Several studies suggested that host genetic factors contribute to the heterogeneity of pediatric sepsis. While early family studies8 and targeted candidate gene analyses9,10,11 have supported this notion, discovery efforts have been limited to discover novel functional sepsis-related genes. Alternatively, researchers have conducted several genome-wide association studies (GWAS) on adult and pediatric populations to identify common variants underlying sepsis susceptibility and outcomes.12,13,14 However, although common variants have been used to understand the genetic basis of clinical outcomes (e.g., survival from sepsis or hospital admissions), they are limited in elucidating the genetic architecture for computable pediatric sepsis phenotypes with poor outcomes. Since common variants usually have small effects on complex traits, their systematic study requires a prohibitively large sample size and their small effects are of limited clinical benefit in a large fraction of the population, which is not feasible to study in pediatric sepsis.15,16 Additionally, to the best of our knowledge, studies investigating rare variants (low penetrance, low allele frequency (AF)) in pediatric critical illness are limited,17 with no prior rare variant analyses specifically focusing on sepsis subtypes. This gap underscores the need for more targeted genomic investigations to identify genetic contributors to pediatric sepsis severity and heterogeneity. These findings underscore the need for more comprehensive and functionally focused genomic studies, especially in understudied pediatric populations. Without involving further functional validation, the large fraction of findings in non-coding regions challenges the interpretation of the sepsis GWAS results.

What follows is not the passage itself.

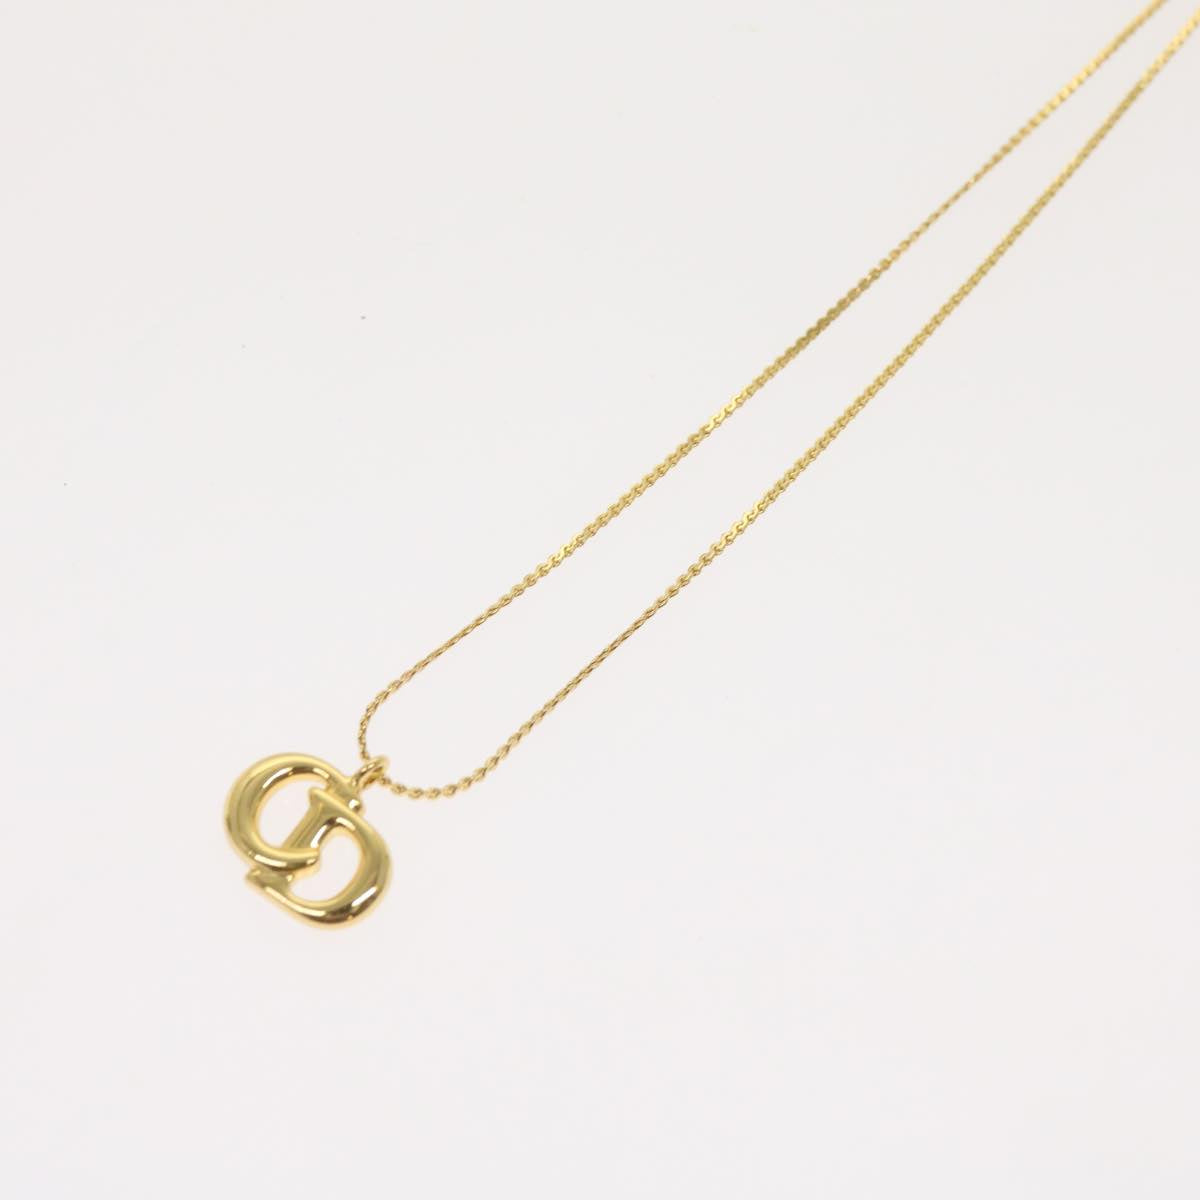 Christian Dior Bracelet Necklace 2Set Gold Auth am5729

To address these limitations, we performed a gene-based exome-wide rare variant analysis using data from the PHENOMS study of severe pediatric sepsis. Using whole-exome sequencing data from 319 children (Fig. 1) with sepsis and organ dysfunction in the PHENOMS study, we focused our analysis on the highest-risk phenotype, PedSep-D, with the aim of identifying biologically impactful variants and informing future therapeutic strategies. Altogether, we present the first rare variant burden test in the computable phenotype with the worst outcomes in pediatric sepsis.

Fig. 1
figure 1

CONSORT (Consolidated Standards of Reporting Trials) diagram for the study.

Methods and Materials

Consent statement

The study was approved by the Institutional Review Board at University of Utah Central IRB # 70976.

Cohort and phenotyping

The phenotyping data and blood samples were obtained from pediatric sepsis patients of a multicenter cohort, PHENOMS.6 The cohort enrolled pediatric patients from 2015 to 2017 with written informed consent from at least one of the guardians. Children were qualified for enrollment if they met all four criteria: (1) at the ages of 44 weeks to 18 years old; (2) were suspected of infection meeting two or more SIRS (systemic inflammatory response) criteria;18 (3) presented one or more organ failures; and (4) had an indwelling arterial or central venous catheter. Patients without a commitment to aggressive care or lack of blood samples were further excluded from the enrollment.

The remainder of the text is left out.